Os olhos de Cristina

 


Os olhos de Cristina

Inquietos, sacudidos pelo bulício da cidade antiga, os olhos de Cristina vieram da cidade nova e são dois faróis a avisarem a navegação das próximas tempestades quotidianas. Cristina saiu da estação do Metro da Baixa-Chiado e atravessou a muralha mandada construir por D. Fernando para beber um café e comer um bolo. Vista ao longe, diluída na pressa dos semáforos, Cristina não é apenas uma mulher. É também a imagem de uma cidade. Cidade habitada por afectos, cruzada por ruas de sonhos, por praças projectadas na vontade de ser feliz. Se Lisboa é uma cidade-mulher, luminosa e pronta a ser conquistada todas as manhãs, Cristina é uma mulher-cidade e os seus olhos, ora inquietos ora serenos, são as portas dessa cidade luminosa mas apenas existente nas metáforas e nas imagens. À direita, o Rio Tejo dá nos olhos de Cristina a ilusão de estar colocado nos últimos telhados da Rua do Alecrim. («Alecrim, alecrim aos molhos, por causa de ti choram os meus olhos» – diz a cantiga popular. Adiante.) Os cacilheiros, repletos de pessoas e de viaturas parecem desaguar num cais insólito feito de telhas antigas e de gaivotas ruidosas. Para o fim da tarde, no regresso a casa na cidade nova, os olhos de Cristina estão serenos pelo cansaço e pela presença luminosa de Raquel, sua filha. Se de manhã se juntou a cidade-mulher (Lisboa) à mulher-cidade (Cristina) então de tarde vemos que a mistura feliz é da mulher-menina (Cristina) com a menina-mulher (Raquel). Os olhos de Cristina, motivo do texto, são uma espécie de selo branco que vai certificar o momento feliz de encontro e de plenitude que esta crónica procura representar. Ou seja: dar um testemunho feito de palavras resgatadas à pressa da cidade. 

José do Carmo Francisco


(Fotografia de Luis Eme - Lisboa)


segunda-feira, 16 de dezembro de 2024

Cais do Gás

 

Cais do Gás

Sobe do Mar da Palha um som distante.
Talvez um barco que de longe, espera um rebocador na barra.

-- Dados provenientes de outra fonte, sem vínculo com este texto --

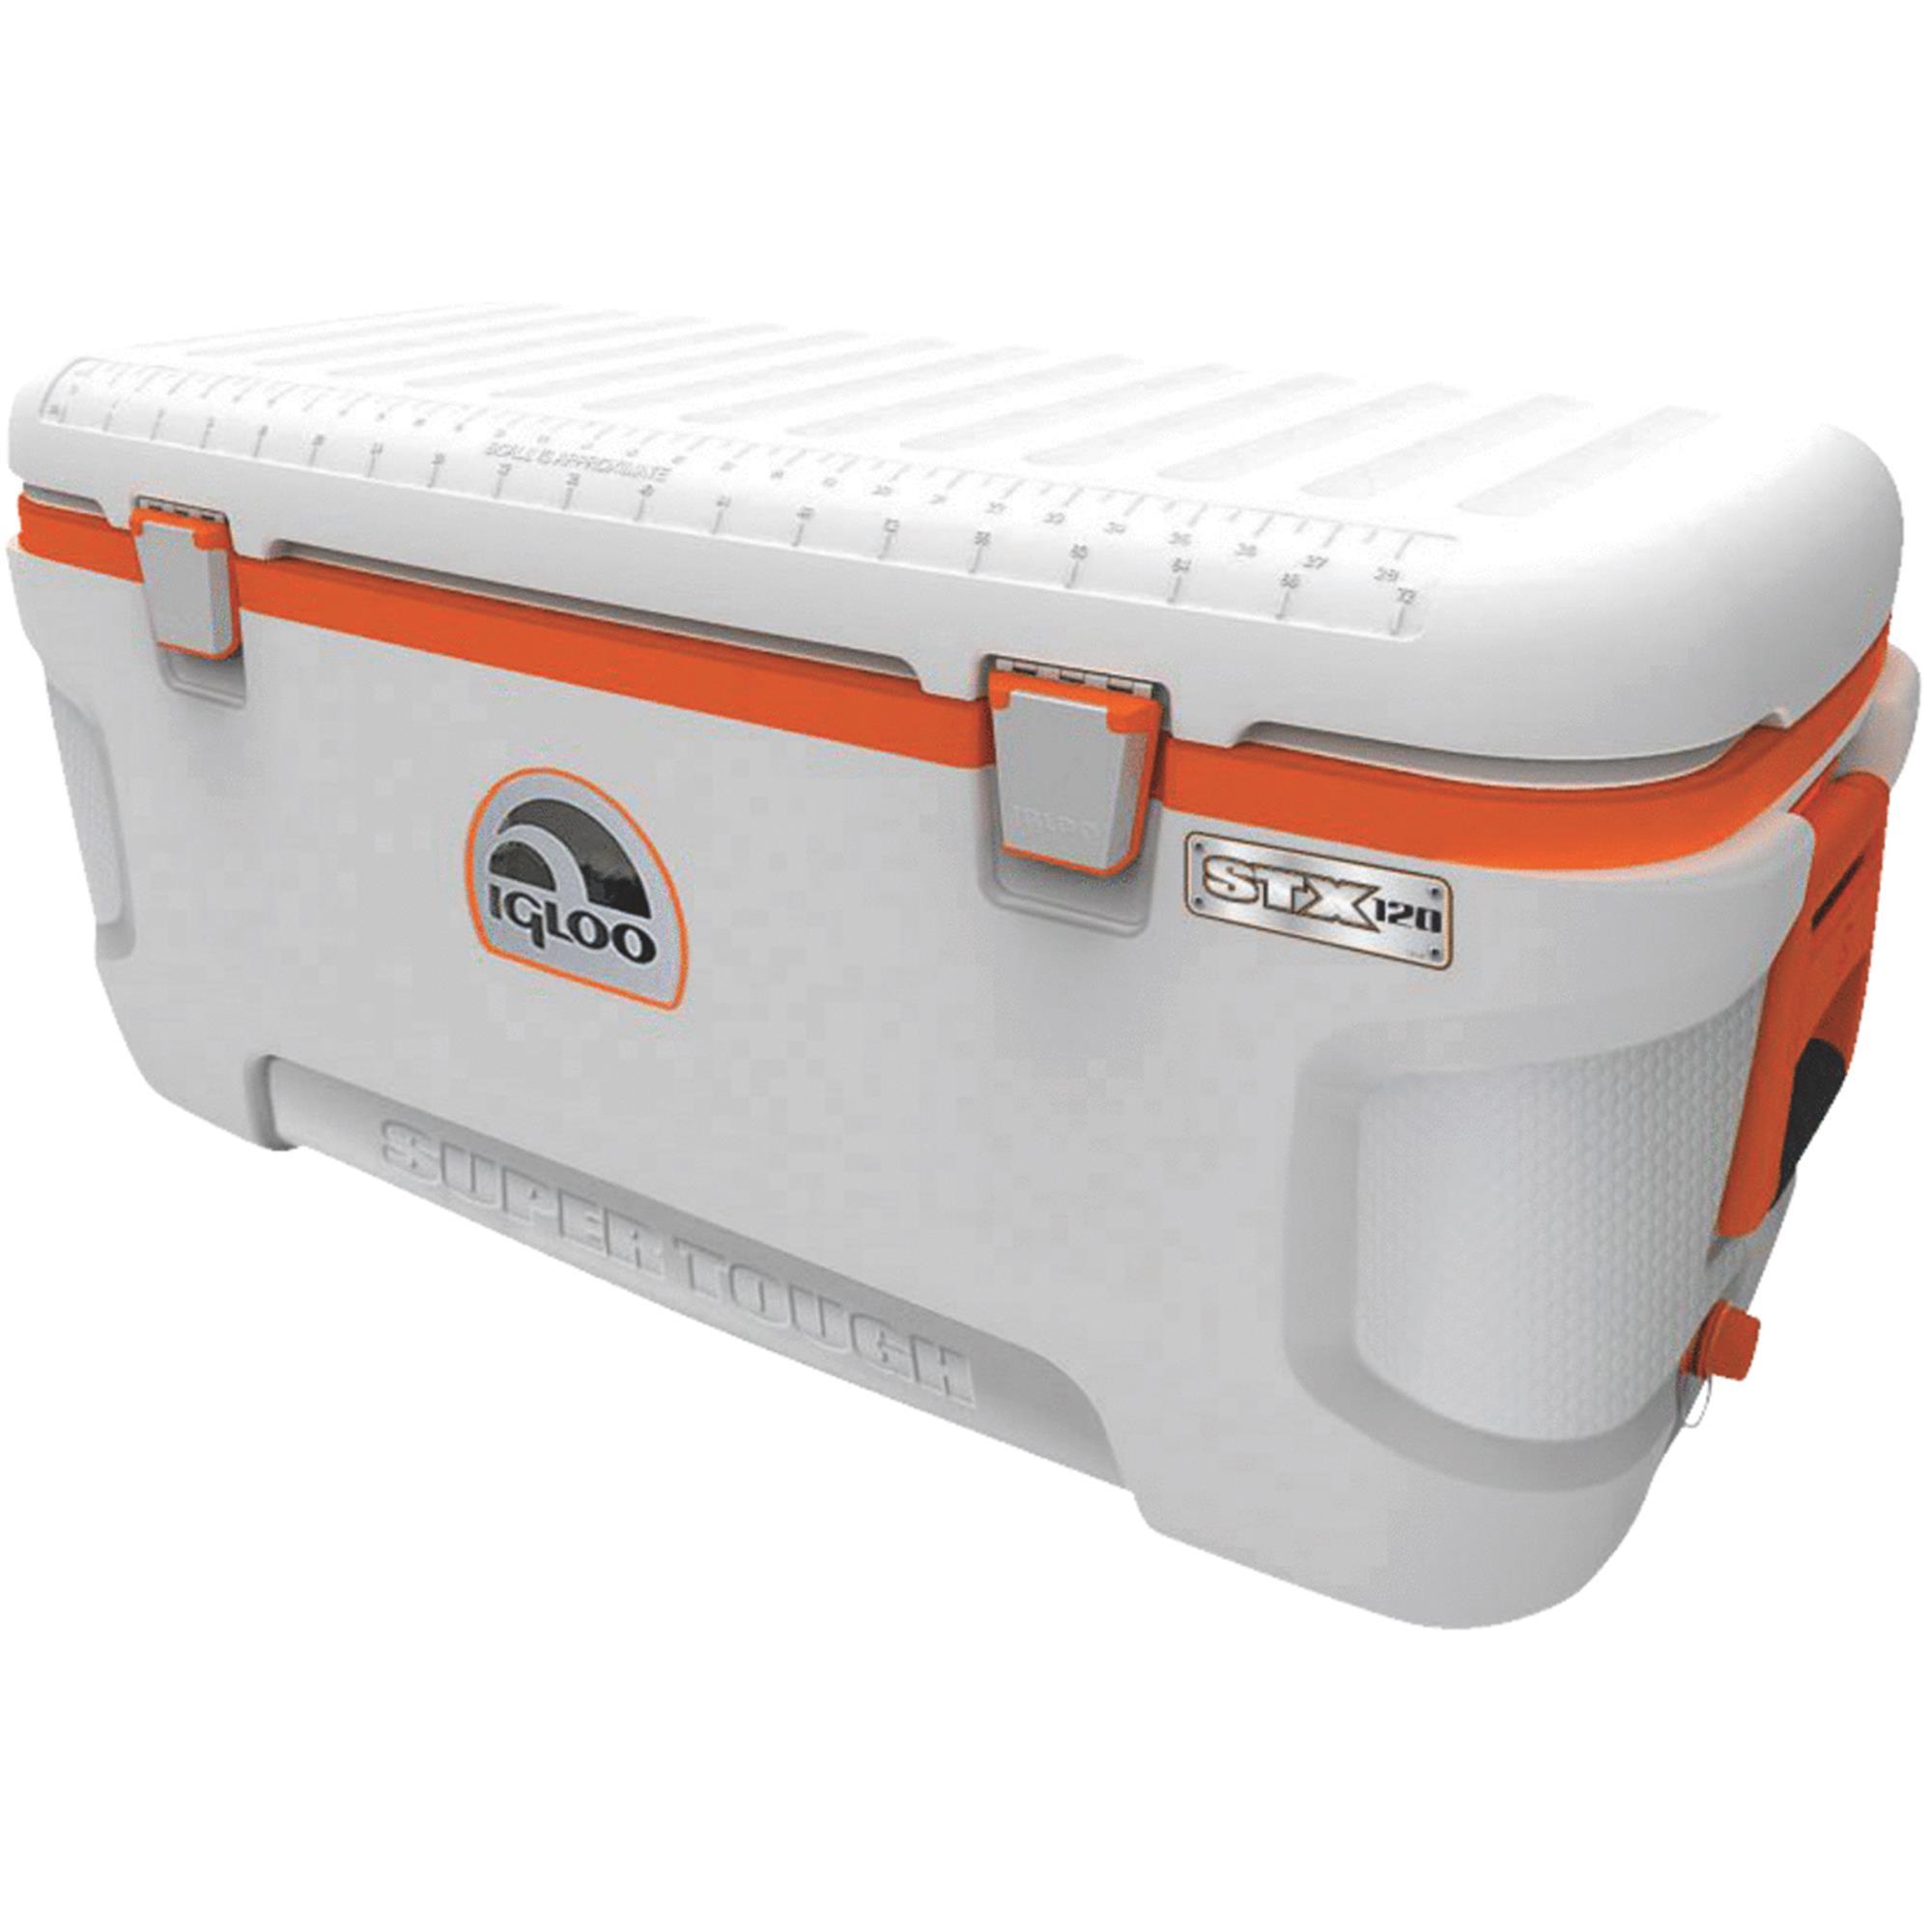 IGLOO 44807 Full Size Chest Cooler,120 qt,Wht/Org

Sobe até aos meus ouvidos o ruído da água na pedra.
Repetição do movimento inicial do degelo
quando todos os rios começaram no leito da ternura.

É este o cais das grandes despedidas sempre adiadas.
Por aqui passou há muitos anos o receio
do aviso da mobilização

Mobilizado estava mas só para as pequenas guerras diárias
do sofrimento interior - resmungou a meia voz.
Ainda hoje não sabe se deve dizer barco ou navio.